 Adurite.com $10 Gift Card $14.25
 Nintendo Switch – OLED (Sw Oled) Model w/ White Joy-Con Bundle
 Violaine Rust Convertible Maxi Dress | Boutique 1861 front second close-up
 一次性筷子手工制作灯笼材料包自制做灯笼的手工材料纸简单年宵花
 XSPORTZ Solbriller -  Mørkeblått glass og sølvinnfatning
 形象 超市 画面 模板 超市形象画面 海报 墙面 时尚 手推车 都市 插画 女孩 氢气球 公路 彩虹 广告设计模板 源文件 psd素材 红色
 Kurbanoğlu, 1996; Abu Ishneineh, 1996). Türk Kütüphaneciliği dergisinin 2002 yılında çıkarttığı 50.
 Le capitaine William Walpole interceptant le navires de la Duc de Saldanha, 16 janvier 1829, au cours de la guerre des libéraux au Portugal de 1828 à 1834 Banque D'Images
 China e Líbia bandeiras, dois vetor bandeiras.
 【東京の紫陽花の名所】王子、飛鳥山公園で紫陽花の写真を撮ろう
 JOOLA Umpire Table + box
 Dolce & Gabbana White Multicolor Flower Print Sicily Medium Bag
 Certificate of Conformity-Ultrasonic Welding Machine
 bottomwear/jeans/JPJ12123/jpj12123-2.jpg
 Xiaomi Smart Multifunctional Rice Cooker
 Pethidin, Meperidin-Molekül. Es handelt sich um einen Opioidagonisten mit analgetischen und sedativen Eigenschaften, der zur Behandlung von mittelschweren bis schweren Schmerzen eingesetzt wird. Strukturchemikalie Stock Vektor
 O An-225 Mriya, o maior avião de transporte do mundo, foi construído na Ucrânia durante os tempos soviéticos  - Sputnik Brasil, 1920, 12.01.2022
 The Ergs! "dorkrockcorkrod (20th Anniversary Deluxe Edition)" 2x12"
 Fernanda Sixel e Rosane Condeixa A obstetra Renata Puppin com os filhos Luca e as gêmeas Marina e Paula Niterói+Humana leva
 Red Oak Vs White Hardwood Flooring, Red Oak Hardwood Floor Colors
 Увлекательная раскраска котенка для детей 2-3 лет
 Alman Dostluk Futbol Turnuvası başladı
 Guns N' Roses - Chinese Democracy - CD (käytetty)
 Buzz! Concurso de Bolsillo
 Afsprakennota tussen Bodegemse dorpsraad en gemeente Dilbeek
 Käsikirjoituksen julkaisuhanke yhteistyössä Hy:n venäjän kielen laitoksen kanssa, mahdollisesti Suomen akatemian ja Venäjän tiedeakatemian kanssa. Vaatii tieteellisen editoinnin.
______
**Exercise goal:** Look above for the line with "Kurbanoğlu, 1996; Abu" and the line with "Afsprakennota tussen Bodegemse", and reproduce exactly those two lines plus every line between, nothing more.

**Exercise response:**
 Kurbanoğlu, 1996; Abu Ishneineh, 1996). Türk Kütüphaneciliği dergisinin 2002 yılında çıkarttığı 50.
 Le capitaine William Walpole interceptant le navires de la Duc de Saldanha, 16 janvier 1829, au cours de la guerre des libéraux au Portugal de 1828 à 1834 Banque D'Images
 China e Líbia bandeiras, dois vetor bandeiras.
 【東京の紫陽花の名所】王子、飛鳥山公園で紫陽花の写真を撮ろう
 JOOLA Umpire Table + box
 Dolce & Gabbana White Multicolor Flower Print Sicily Medium Bag
 Certificate of Conformity-Ultrasonic Welding Machine
 bottomwear/jeans/JPJ12123/jpj12123-2.jpg
 Xiaomi Smart Multifunctional Rice Cooker
 Pethidin, Meperidin-Molekül. Es handelt sich um einen Opioidagonisten mit analgetischen und sedativen Eigenschaften, der zur Behandlung von mittelschweren bis schweren Schmerzen eingesetzt wird. Strukturchemikalie Stock Vektor
 O An-225 Mriya, o maior avião de transporte do mundo, foi construído na Ucrânia durante os tempos soviéticos  - Sputnik Brasil, 1920, 12.01.2022
 The Ergs! "dorkrockcorkrod (20th Anniversary Deluxe Edition)" 2x12"
 Fernanda Sixel e Rosane Condeixa A obstetra Renata Puppin com os filhos Luca e as gêmeas Marina e Paula Niterói+Humana leva
 Red Oak Vs White Hardwood Flooring, Red Oak Hardwood Floor Colors
 Увлекательная раскраска котенка для детей 2-3 лет
 Alman Dostluk Futbol Turnuvası başladı
 Guns N' Roses - Chinese Democracy - CD (käytetty)
 Buzz! Concurso de Bolsillo
 Afsprakennota tussen Bodegemse dorpsraad en gemeente Dilbeek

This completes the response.